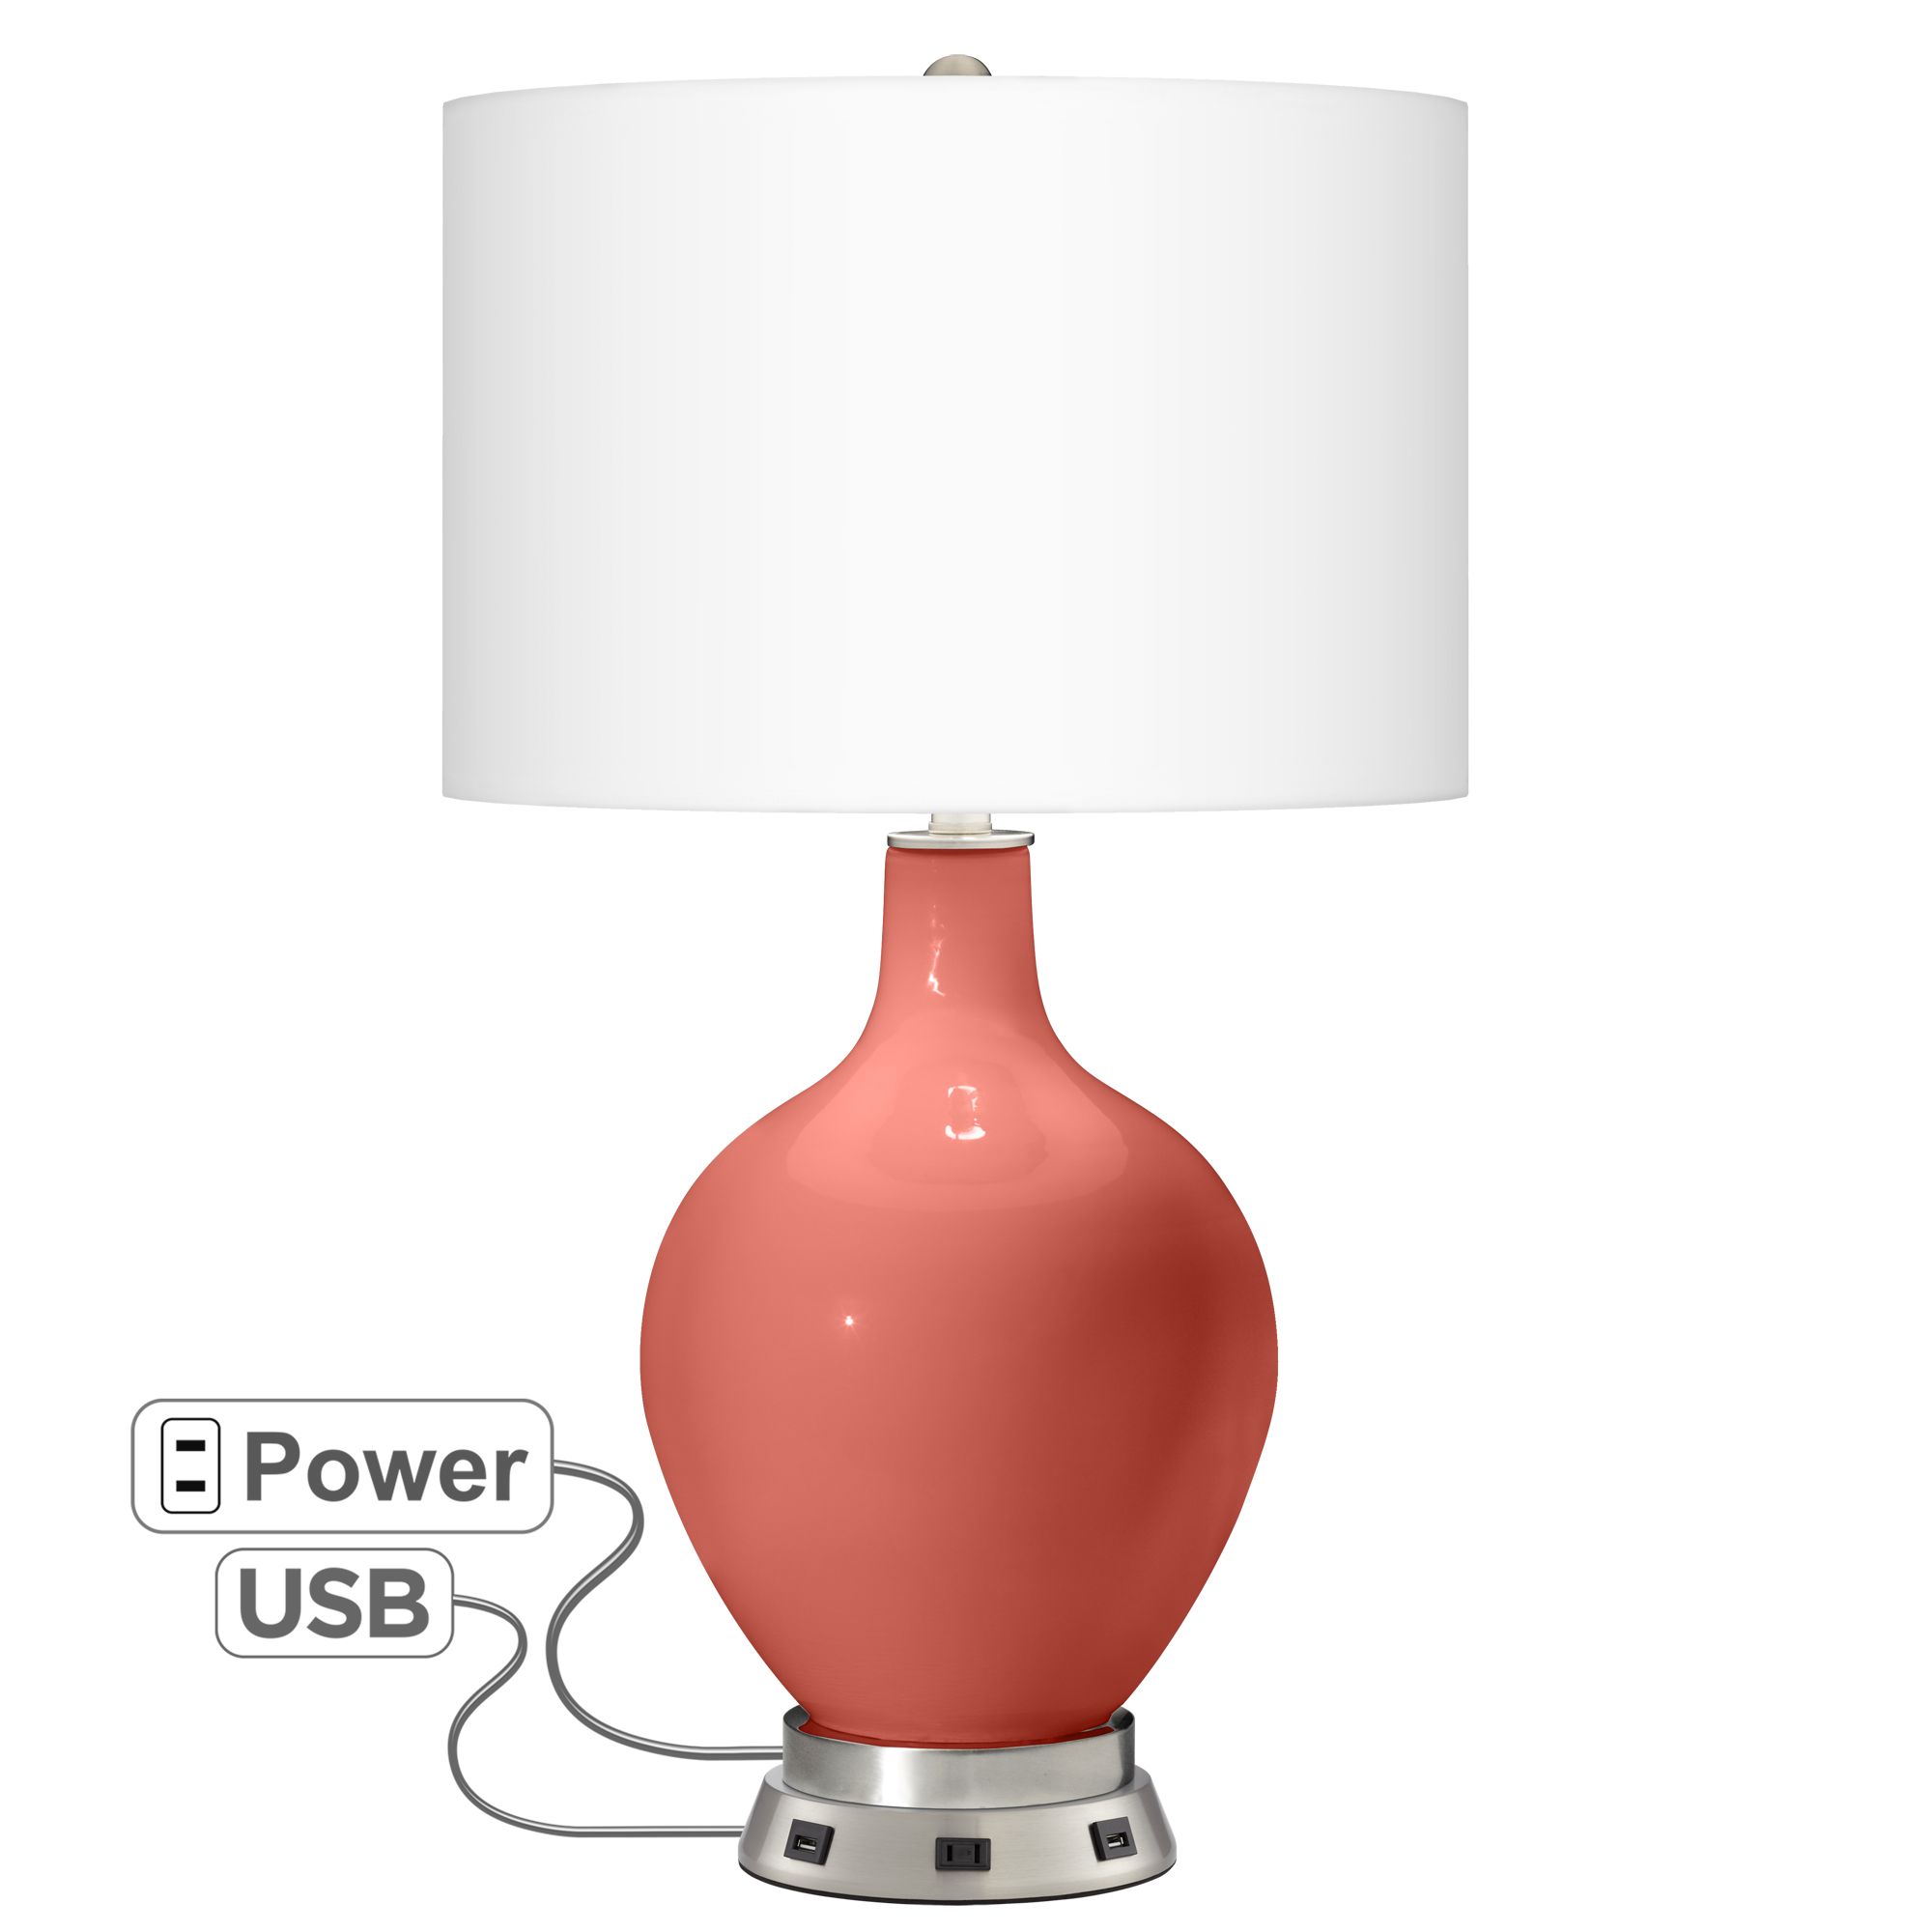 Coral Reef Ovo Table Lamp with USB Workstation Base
--
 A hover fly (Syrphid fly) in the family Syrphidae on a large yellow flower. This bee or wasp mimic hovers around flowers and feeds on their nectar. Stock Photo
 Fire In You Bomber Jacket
--
Transcribe each line of the data above, unaltered, from the one where "A hover fly" appears to the one where "Fire In You Bomber Jacket" appears, inclusive of both.

 A hover fly (Syrphid fly) in the family Syrphidae on a large yellow flower. This bee or wasp mimic hovers around flowers and feeds on their nectar. Stock Photo
 Fire In You Bomber Jacket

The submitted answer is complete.